If you're running production services, you should probably sign up for a paid support package, which have guaranteed response times down to 15 minutes: https://cloud.google.com/support/
I think this is a terrible attitude. I will never implement it in my own support model. People shouldn't have to pay me in order to report a bug in my system. Arguably I should pay them, because one report is the tip of an iceberg of silent affected customers.
More often than not, what most people want is simply an acknowledgement. They're not seeking a bug bounty. And definitely not the brush-off you just gave the GP: when someone's house is on fire, you don't demand prepayment for the water.
You absolutely do not have to pay us to report a bug, period. The same day this bug was filed, one of my colleagues (pay...@google.com) jumped on the report and started asking questions to determine what was happening.
It seems to me that the GP's complaint is that this process was too slow: too much back-and-forth, too little dedicated attention to get the problem figured out immediately. That's a frustration which is easy to understand.

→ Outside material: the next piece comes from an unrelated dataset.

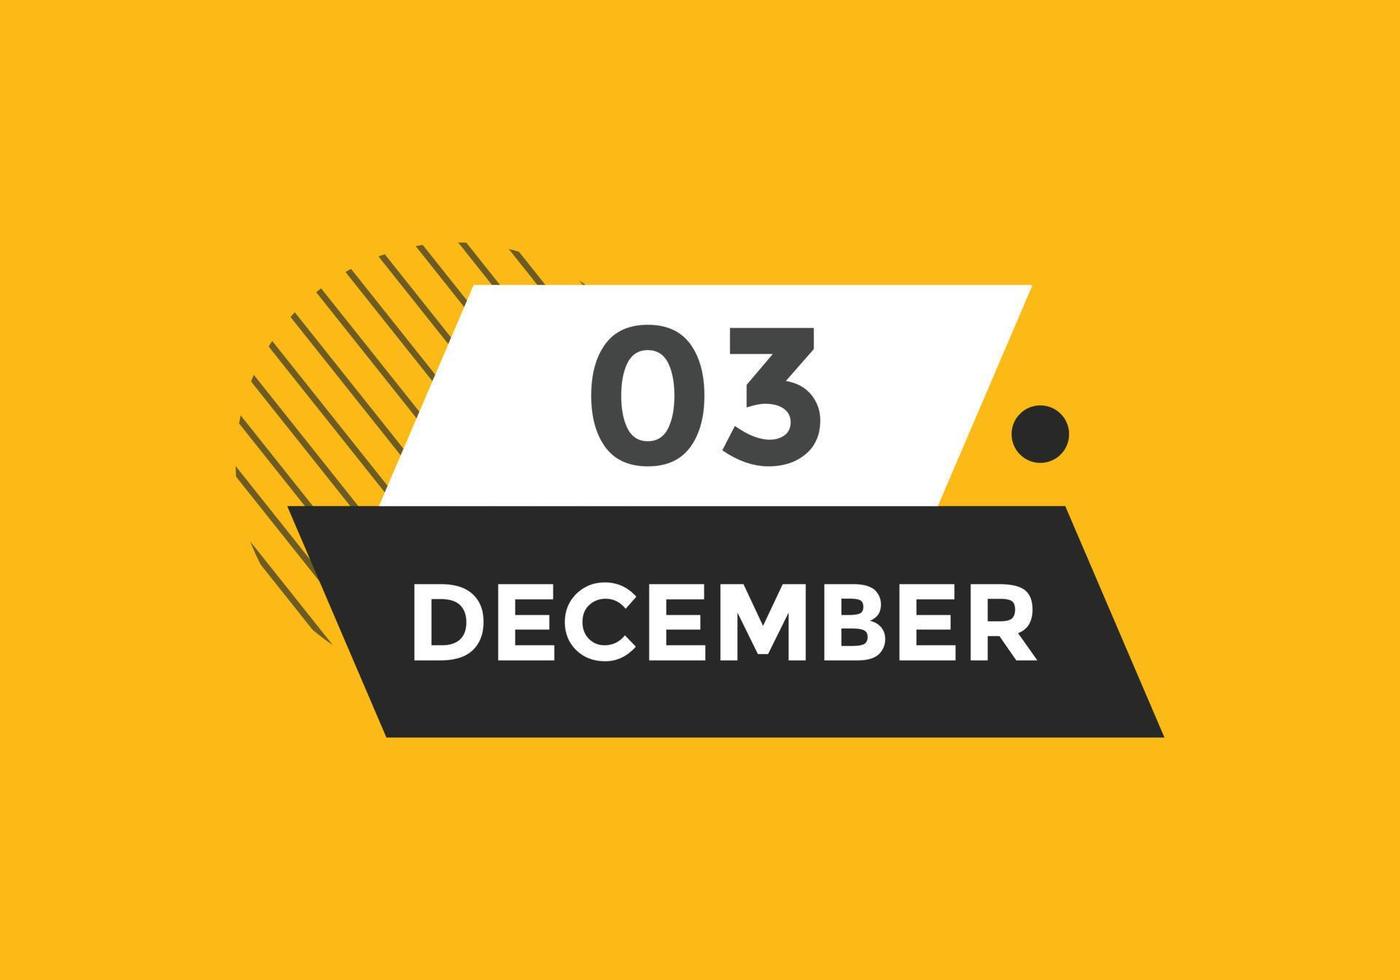 december 3 calendar reminder. 3rd december daily calendar icon template. Calendar 3rd december icon Design template. Vector illustration

The point about support contracts was most likely intended to emphasize that if your livelihood depends on a service, you should have an agreement in place that guarantees you can wake up an engineer on the weekend.
I can't comment on the paid support. I've just noticed that the non-paid support engineers seems to be under pressure.
I feel little bit bad for them sometimes. They don't seem to have the time to look into problems. It must be quite a boring job for those assigned on the public issues.
Hi, I manage the team. Do you have some recent examples I can show to the higher-ups? Our incentives are built around quality of work, not speed, so what you're describing is definitely not working as intended.
Form my perspective: sometimes when I report a bug it's more so that other users don't waste their time troubleshooting it than to have it fixed immediately.
Finally there are issues like these ones that are not clear cut but that I can't investigate myself because it requires time and resources (they eventually cost me a few bucks running instances for testing purposes).
https://code.google.com/p/googleappengine/issues/detail?id=1...
You guys have a good product. I think that the promise of not having to manage infrastructure hit a cord with many people. However you do have many bugs to fix to make the platform more stable and (non intentionally) discouraging people from reporting issues will make things improve at a slower rate.
More often than not, what most people want is simply an acknowledgement. They're not seeking a bug bounty. And definitely not the brush-off you just gave the GP: when someone's house is on fire, you don't demand prepayment for the water.